Understanding the lipids in your blood will help you to add years to your life. Cardiovascular disease is the number one killer in the United States. Having awareness of the fats in your diet and your blood will help you to avoid a stroke or heart attack. This includes getting evaluations of cholesterol (total, good, and bad), triglycerides, and their ratios in your blood.
We have all heard of cholesterol. You may also know of the other parameters of your lipid panel like triglycerides, the “Good” HDL cholesterol, and “Bad” LDL Cholesterol. Cholesterol is a fat-soluble molecule that is essential for human life. It plays critical roles in the normal functioning of cells. It resides in cell membranes contributing to their fluidity. It acts as a precursor to steroid hormones like cortisol, testosterone, and estrogens. Cholesterol is a precursor to the synthesis of vitamin D in our skin and is an important component of bile that facilitates the absorption of fat soluble vitamins like A, D, E, and K.
Being that cholesterol is fat soluble it must be carried by proteins in the blood to keep it “in solution” so to speak. It is transported in the blood by those “lipoproteins” with our fat called triglycerides. The triglycerides are 3 fat molecules carried together with a glycerol molecule. Triglycerides are made from dietary fats and conversion of our dietary carbohydrate to fats by our liver. It is in lipoprotein particles like HDL and LDL that our cholesterol and triglycerides are carried.
When Low-Density Lipoprotein or LDL levels are high (hypercholesterolemia) there is a well-documented increased risk for premature cardiovascular disease like heart attack or stroke. Therefore, we call LDL-cholesterol the “Bad” cholesterol. LDL cholesterol can accumulate in the walls of your arteries and form what are called “plaques”. These plaques can lead to occlusion gradually over time or even rupture causing an acute occlusion that is considered a stroke in the brain vessels or a heart attack in the coronary vessels of the heart.

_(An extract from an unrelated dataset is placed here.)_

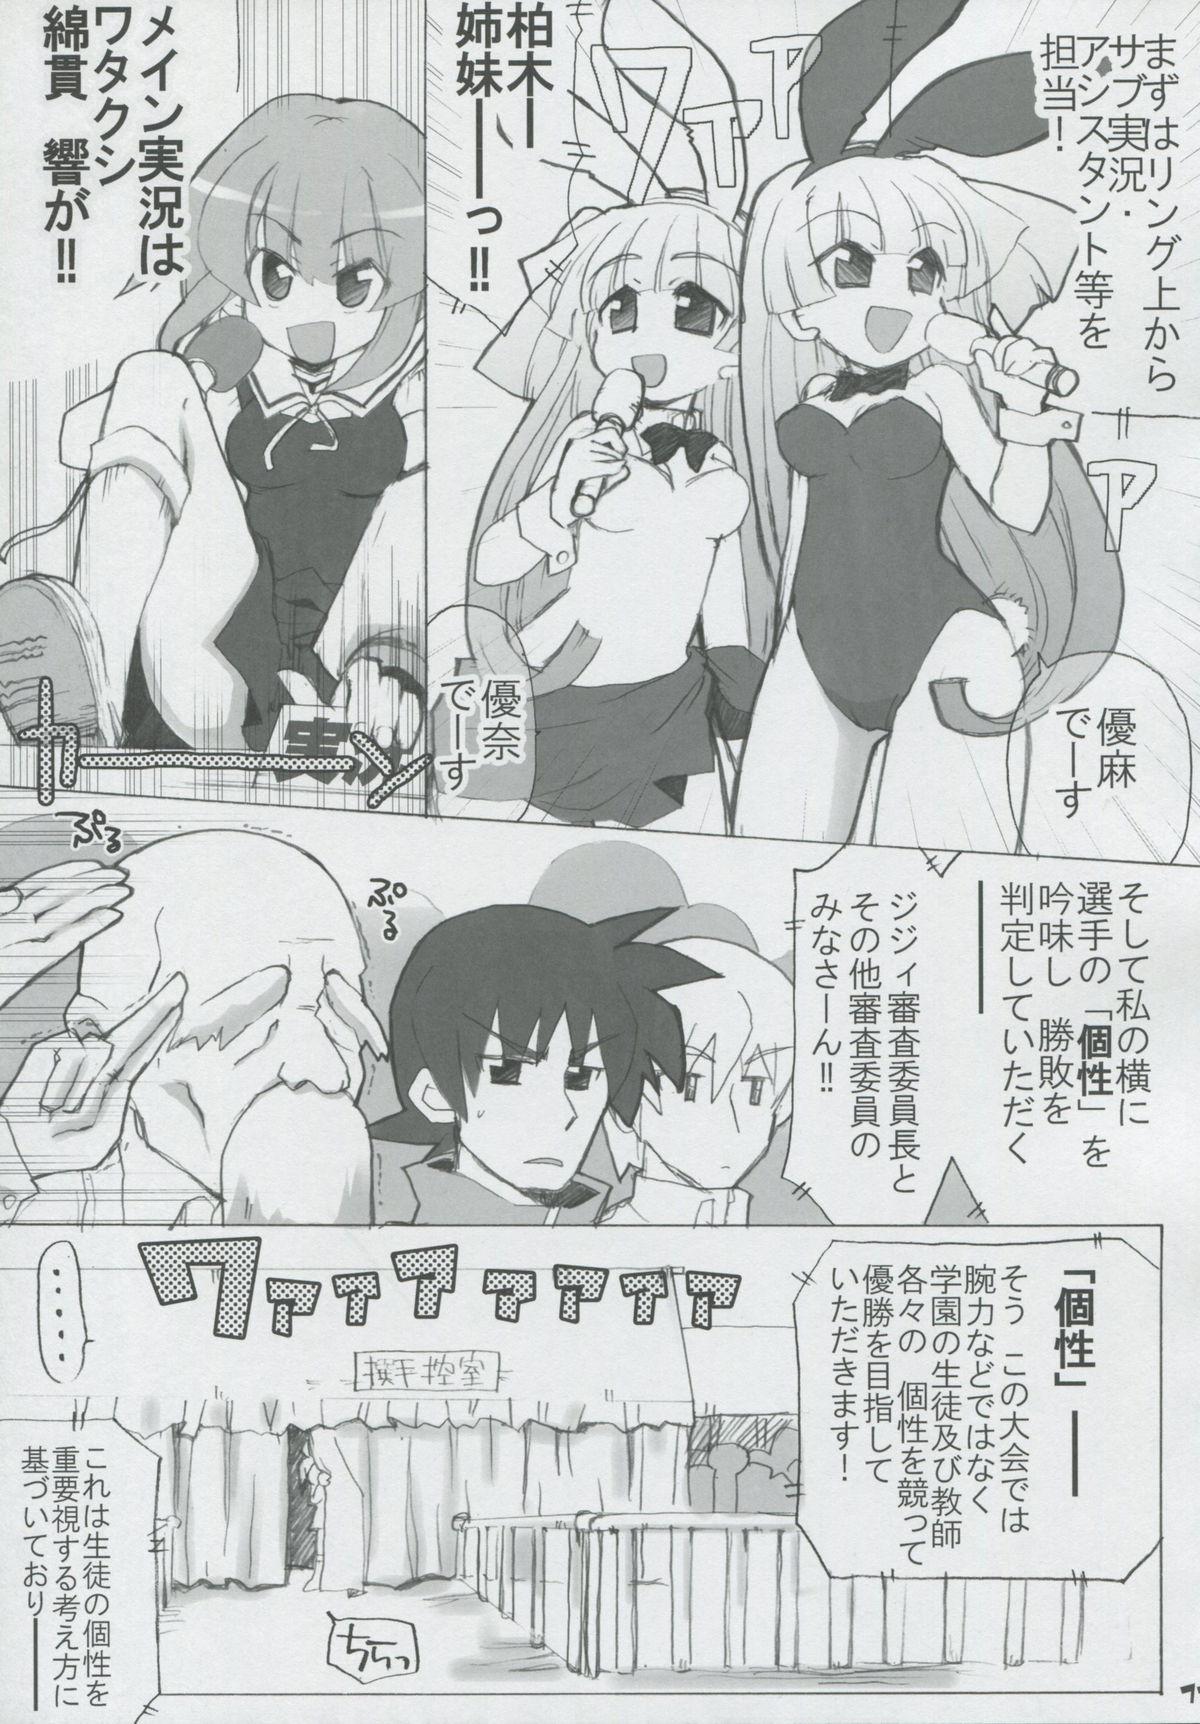 Teenie Momo Tsuki Monsters 1st-half - Pani poni dash Little - Page 10

HDL or High-Density Lipoprotein cholesterol particles are considered the “good” cholesterol. Elevated HDL cholesterol has been correlated to a decreased risk of cardiovascular disease in epidemiological studies. HDL carries cholesterol away from the plaques and delivers it to the liver for disposal in the bile. Much clinical focus is on lowering LDL while maintaining or raising HDL. Although the literature suggests our major focus should be on lowering LDL.
Several factors lead to elevated LDL cholesterol levels. Our genetics play a huge role in this as apples don’t fall far from the tree. If your father or especially your mother had a heart attack or stroke at a young age (<50 years old) then you are likely at risk and should watch your cholesterol closely. In fact, in those families, doctors shoot for lower levels than the general population can have. These patients should start lipid lowering medications at a younger age if found to be distinctly elevated.
Your life-style including your activity level and diet play a significant role as well. Although the cholesterol you eat has not been shown to correlate well to the levels of LDL in your blood, the role of saturated fats and total cholesterol is still in question. Diets high in saturated fats and trans fats clearly elevate total cholesterol in the blood. It is often suggested that saturated fats should be kept low in the diet to reduce cardiovascular disease risk, while healthier polyunsaturated fats like the omega-3 fish oils should be predominant.